Re: [PATCH v3 2/2] of: overlay: Synchronize of_overlay_remove() with the devlink removals

From: Nuno Sá
Date: Tue Mar 05 2024 - 02:35:16 EST


On Mon, 2024-03-04 at 22:47 -0800, Saravana Kannan wrote:
> On Mon, Mar 4, 2024 at 8:49 AM Herve Codina <herve.codina@bootlincom> wrote:
> >
> > Hi Rob,
> >
> > On Mon, 4 Mar 2024 09:22:02 -0600
> > Rob Herring <robh@xxxxxxxxxx> wrote:
> >
> > ...
> >
> > > > > @@ -853,6 +854,14 @@ static void free_overlay_changeset(struct
> > > > > overlay_changeset *ovcs)
> > > > >  {
> > > > >   int i;
> > > > >
> > > > > + /*
> > > > > +  * Wait for any ongoing device link removals before removing some of
> > > > > +  * nodes. Drop the global lock while waiting
> > > > > +  */
> > > > > + mutex_unlock(&of_mutex);
> > > > > + device_link_wait_removal();
> > > > > + mutex_lock(&of_mutex);
> > > >
> > > > I'm still not convinced we need to drop the lock. What happens if
> > > > someone else
> > > > grabs the lock while we are in device_link_wait_removal()? Can we
> > > > guarantee that
> > > > we can't screw things badly?
> > >
> > > It is also just ugly because it's the callers of
> > > free_overlay_changeset() that hold the lock and now we're releasing it
> > > behind their back.
> > >
> > > As device_link_wait_removal() is called before we touch anything, can't
> > > it be called before we take the lock? And do we need to call it if
> > > applying the overlay fails?
>
> Rob,
>
> This[1] scenario Luca reported seems like a reason for the
> device_link_wait_removal() to be where Herve put it. That example
> seems reasonable.
>
> [1] - https://lore.kernel.org/all/20231220181627.341e8789@booty/
>

I'm still not totally convinced about that. Why not putting the check right
before checking the kref in __of_changeset_entry_destroy(). I'll contradict
myself a bit because this is just theory but if we look at pci_stop_dev(), which
AFAIU, could be reached from a sysfs write(), we have:

device_release_driver(&dev->dev);
..
of_pci_remove_node(dev);
of_changeset_revert(np->data);
of_changeset_destroy(np->data);

So looking at the above we would hit the same issue if we flush the queue in
free_overlay_changeset() - as the queue won't be flushed at all and we could
have devlink removal due to device_release_driver(). Right?

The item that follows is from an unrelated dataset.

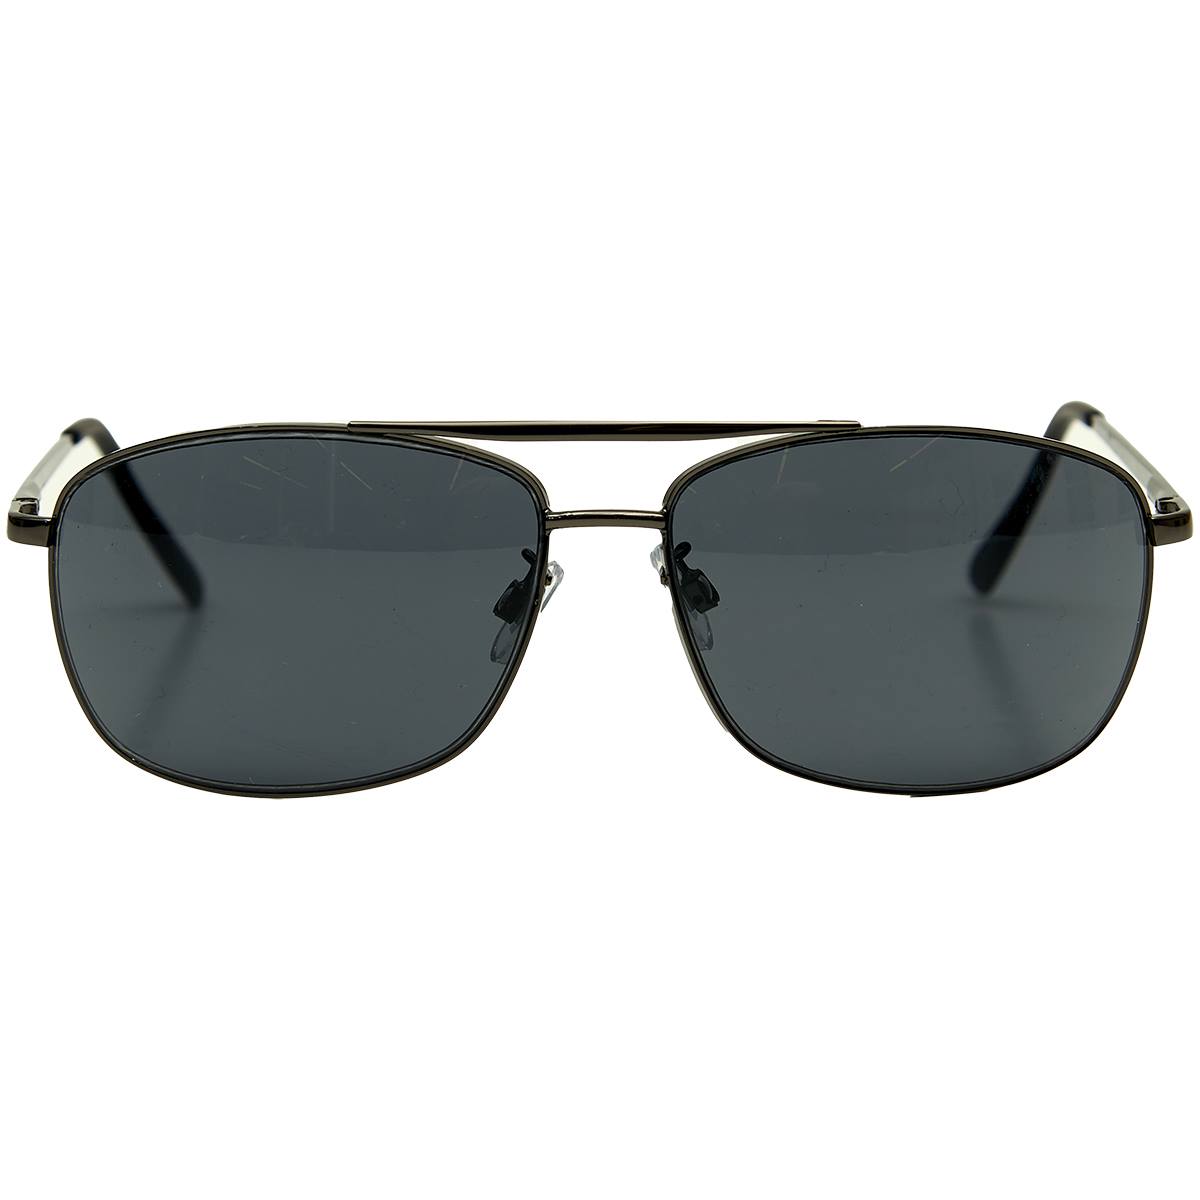 Mens Tropic-Cal Frank Pilot Sunglasses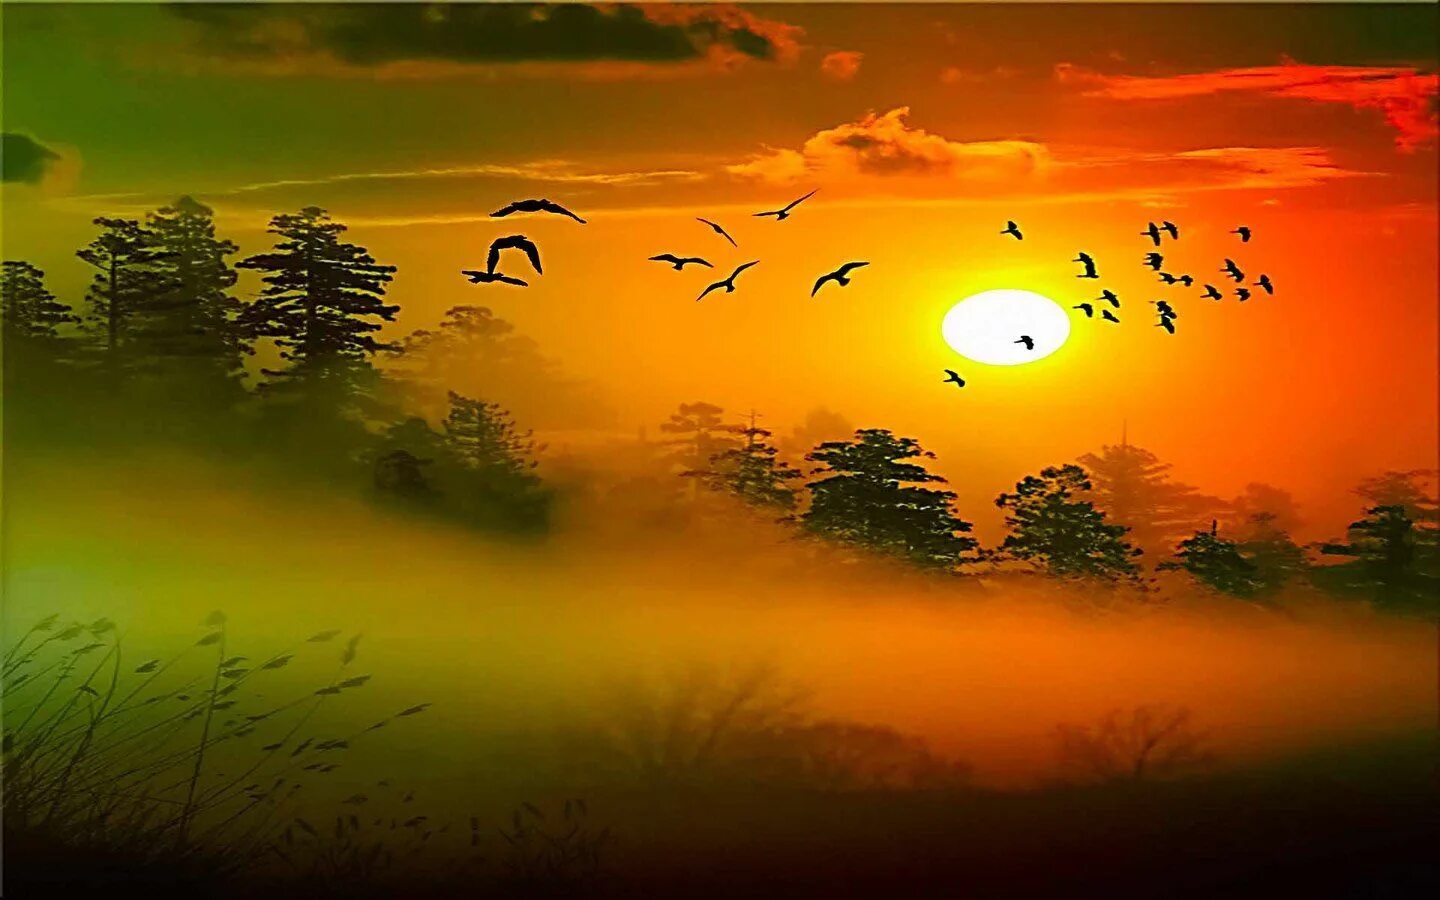 It is a beautiful evening. Утро солнце птицы. Утренний рассвет с птицами. Птица солнца. Солнце птички.

Again, completely theoretical but seems like a reasonable one plus I'm not
understanding the push against having the flush in
__of_changeset_entry_destroy(). Conceptually, it looks the best place to me but
I may be missing some issue in doing it there?

> > >
> >
> > Indeed, having device_link_wait_removal() is not needed when applying the
> > overlay fails.
> >
> > I can call device_link_wait_removal() from the caller of_overlay_remove()
> > but not before the lock is taken.
> > We need to call it between __of_changeset_revert_notify() and
> > free_overlay_changeset() and so, the lock is taken.
> >
> > This lead to the following sequence:
> > --- 8< ---
> > int of_overlay_remove(int *ovcs_id)
> > {
> >         ...
> >         mutex_lock(&of_mutex);
> >         ...
> >
> >         ret = __of_changeset_revert_notify(&ovcs->cset);
> >         ...
> >
> >         ret_tmp = overlay_notify(ovcs, OF_OVERLAY_POST_REMOVE);
> >         ...
> >
> >         mutex_unlock(&of_mutex);
> >         device_link_wait_removal();
> >         mutex_lock(&of_mutex);
> >
> >         free_overlay_changeset(ovcs);
> >         ...
> >         mutex_unlock(&of_mutex);
> >         ...
> > }
> > --- 8< ---
> >
> > In this sequence, the question is:
> > Do we need to release the mutex lock while device_link_wait_removal() is
> > called ?
>
> In general I hate these kinds of sequences that release a lock and
> then grab it again quickly. It's not always a bug, but my personal
> take on that is 90% of these introduce a bug.
>
> Drop the unlock/lock and we'll deal a deadlock if we actually hit one.
> I'm also fairly certain that device_link_wait_removal() can't trigger
> something else that can cause an OF overlay change while we are in the
> middle of one. And like Rob said, I'm not sure this unlock/lock is a
> good solution for that anyway.

Totally agree. Unless we really see a deadlock this is a very bad idea (IMHO).
Even on the PCI code, it seems to me that we're never destroying a changeset
from a device/kobj_type release callback. That would be super weird right?

- Nuno Sá
>